Как думаешь, что это было?
«Долго, долго я лежал в ночи без сна, думая, как рассказать мне свою повесть».
(Раз!)
Теперь в темноте я слышу на реке пароходы.
(Два!)
Теперь я слышу на реке громкие гудки.
Время! Где ты теперь, в каком месте и в каком времени?
О, теперь я слышу свистки на реке! О, теперь большие суда идут вниз по течению! Громкие гудки раздаются в устье, большие суда выходят в море!
А ночью в темноте, в сонной тишине земли, река, темная, многоводная река, полная странного времени, странного времени, странного, трагического времени, струится к морю!
Господи, сколько бы мне хотелось рассказать всего! Жаль, не обладаю литературным даром! Хотелось бы написать книгу, поведать людям о том, что происходит у меня в душе, и обо всем, что вижу.
Прежде всего я рассказала бы об одежде, которую носят люди. Невозможно понять, что человек собой представляет, пока не увидишь, как он одет. Люди одеваются в соответствии со своей сущностью. И не следует думать, что выбор одежды случаен. На свой манер одеты актеры, проповедники, политики, врачи, шарлатаны и психологи: у них все напоказ, они демонстрируют себя всему миру. По обуви, галстукам, рубашкам, носкам и шляпам можно определить, что у человека на первом месте: свой внутренний мир или окружающий.

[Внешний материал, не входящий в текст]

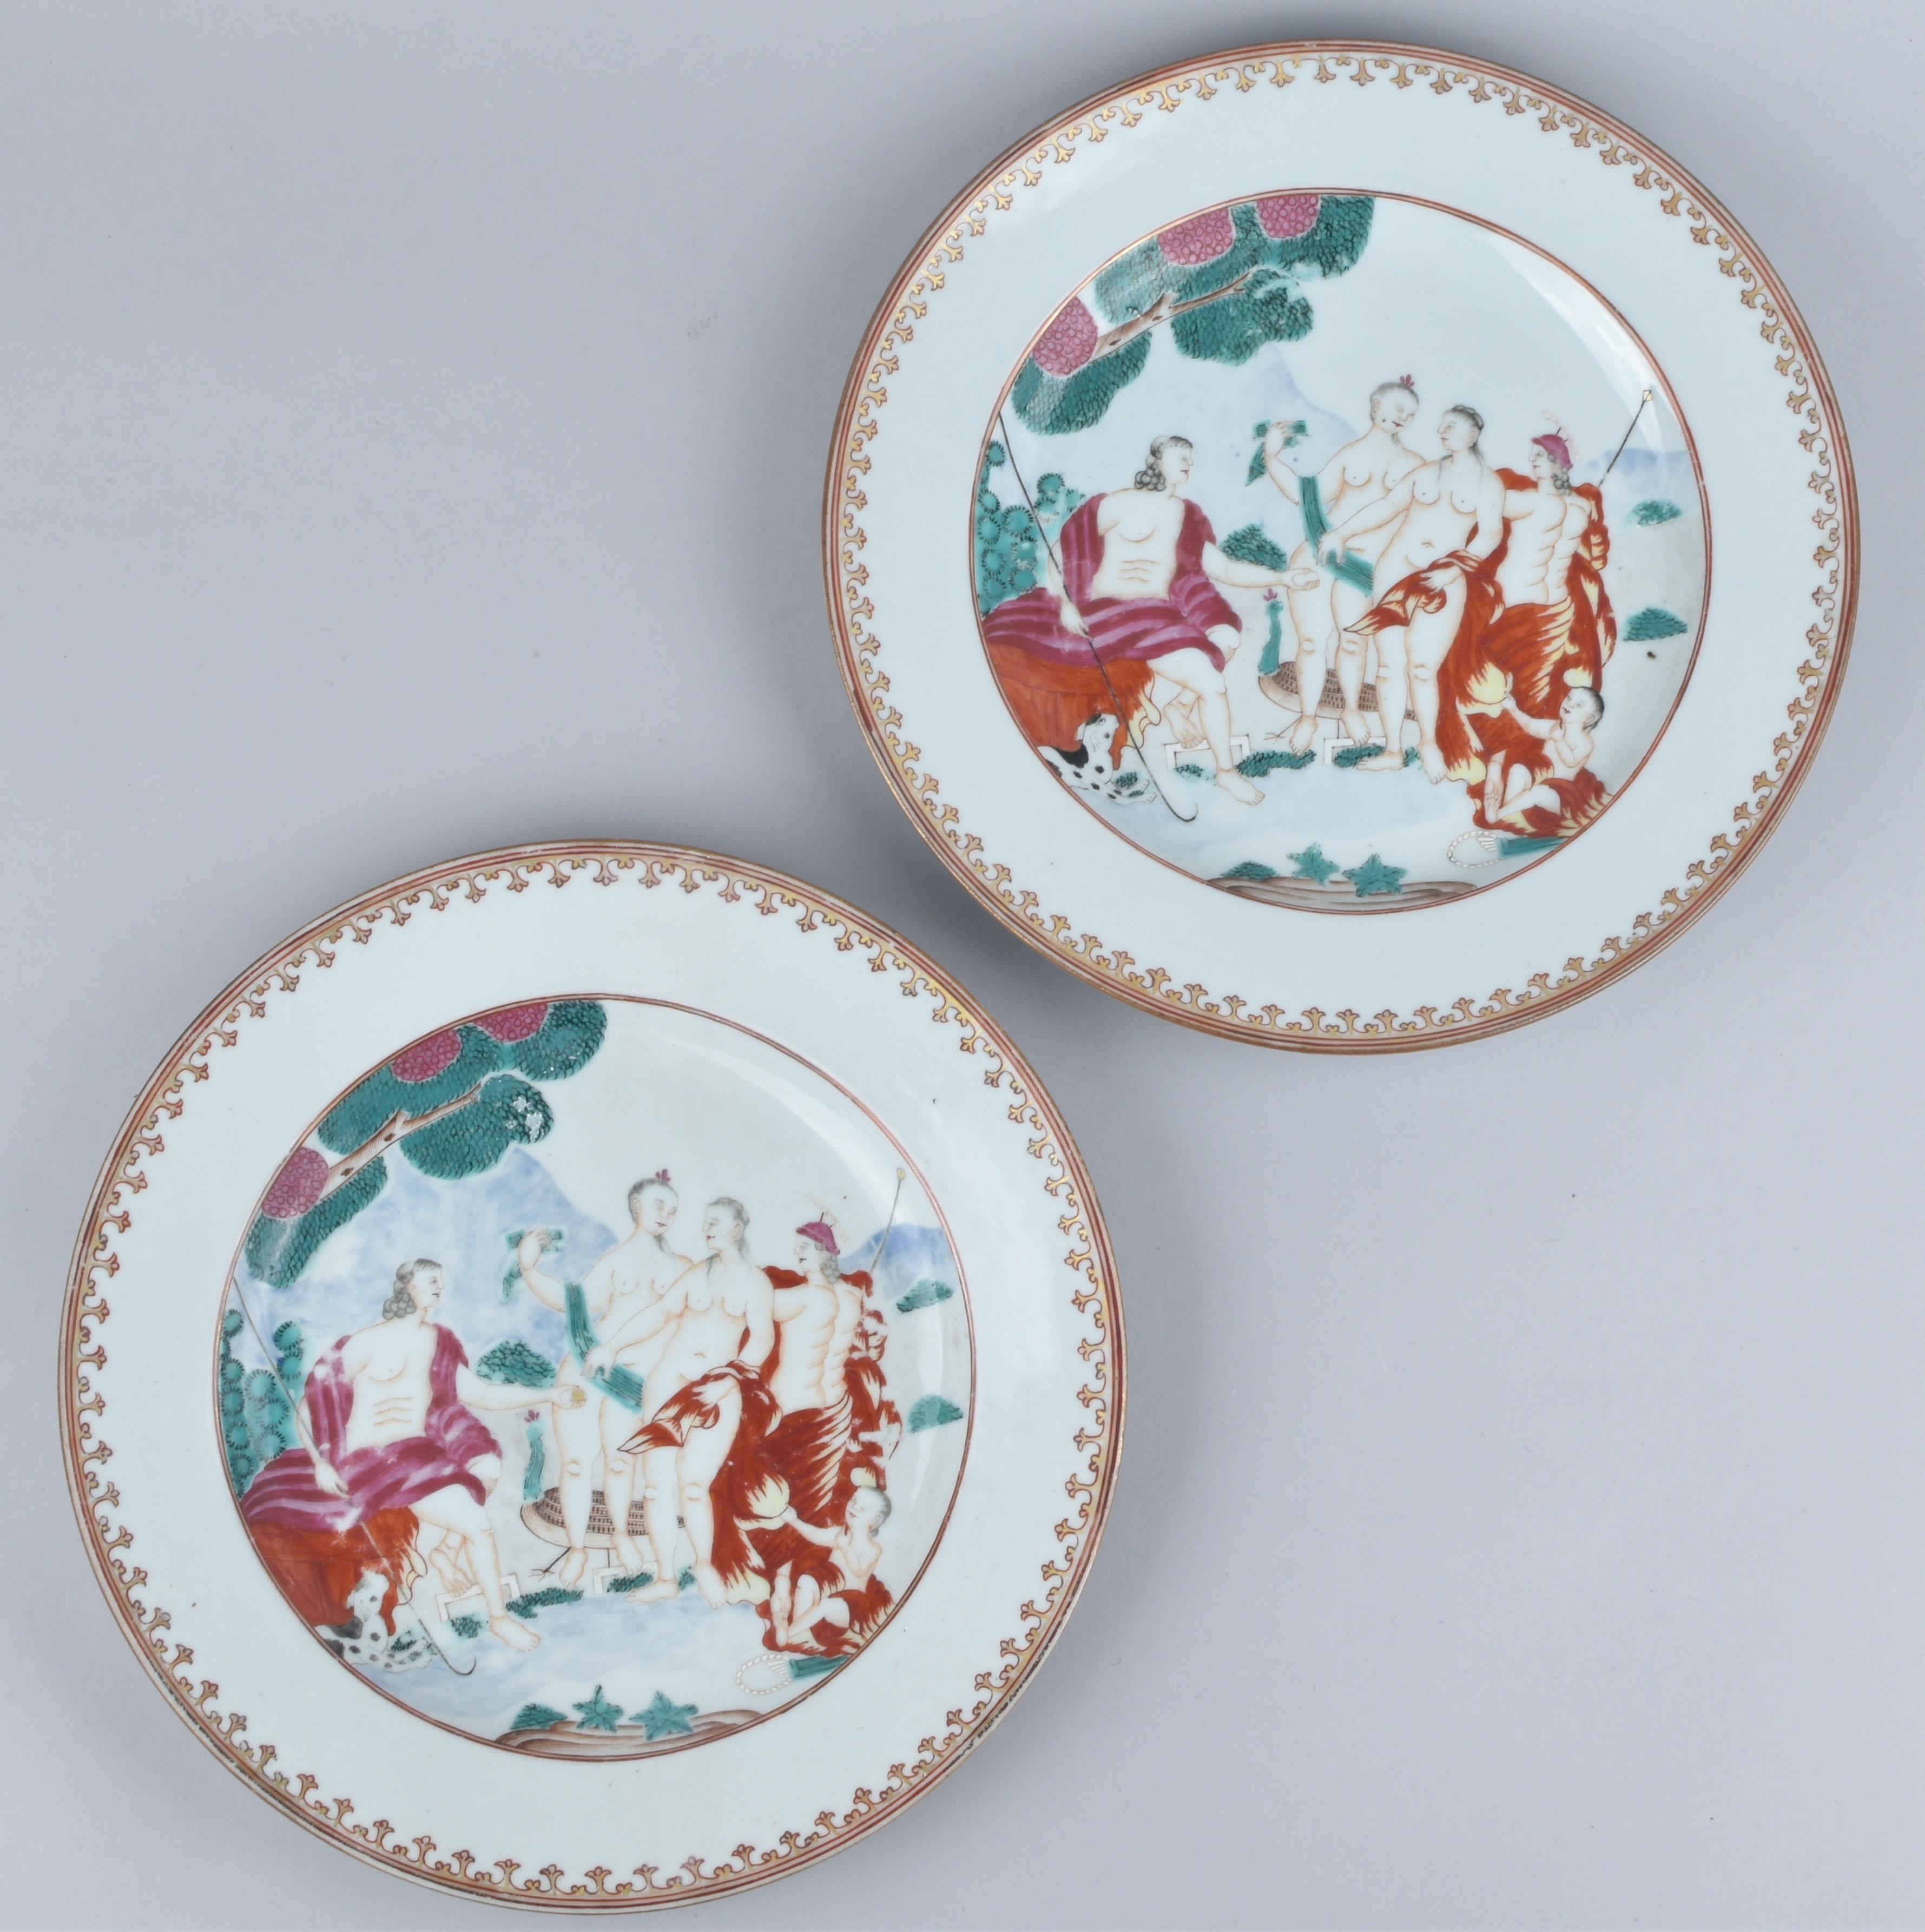 Porcelaine (biscuit) Qianlong (1735-1795), circa 1750/1760, China

Замечательнее всех старухи, носящие уйму всевозможных мелочей. Их много в Англии. Живут они в отвратительных маленьких отелях в Блумсбери и тому подобных местах. Много их и в Бостоне. У них странные лица, они не от мира сего.
Знаешь, я как-то видела в Бостоне изумительную старуху! В ресторане. На ней было, пожалуй, около тысячи мелочей. Она была одета в черное платье, сплошь покрытое бусами, браслетами и блестящими украшениями. Господи! Весило оно, должно быть, тонну! Кроме того, платье было все в кружевах, они словно бы стекали с рукавов, окутывали запястья и окунались в суп. И еще у нее была масса колец, браслетов, бус, ожерелий, воротник на китовом усе, тоже в кружевах, серьги, в волосах всевозможные гребни, шляпа, усеянная множеством украшений, перьями, фруктами, птицами. Господи! Эта женщина была ходячим музеем! И до того странной, что меня разобрало любопытство. Я подошла к ней как можно ближе, попыталась подслушать, что она говорит, но не смогла. Чего бы я только ни отдала, чтобы узнать об этом. В ней было нечто очень трагичное. Странно, правда? Это идет у них откуда-то изнутри, из чего-то причудливого, рассыпанного, как бусы, перемешанного, плотно слежавшегося и утопающего в океане вздора.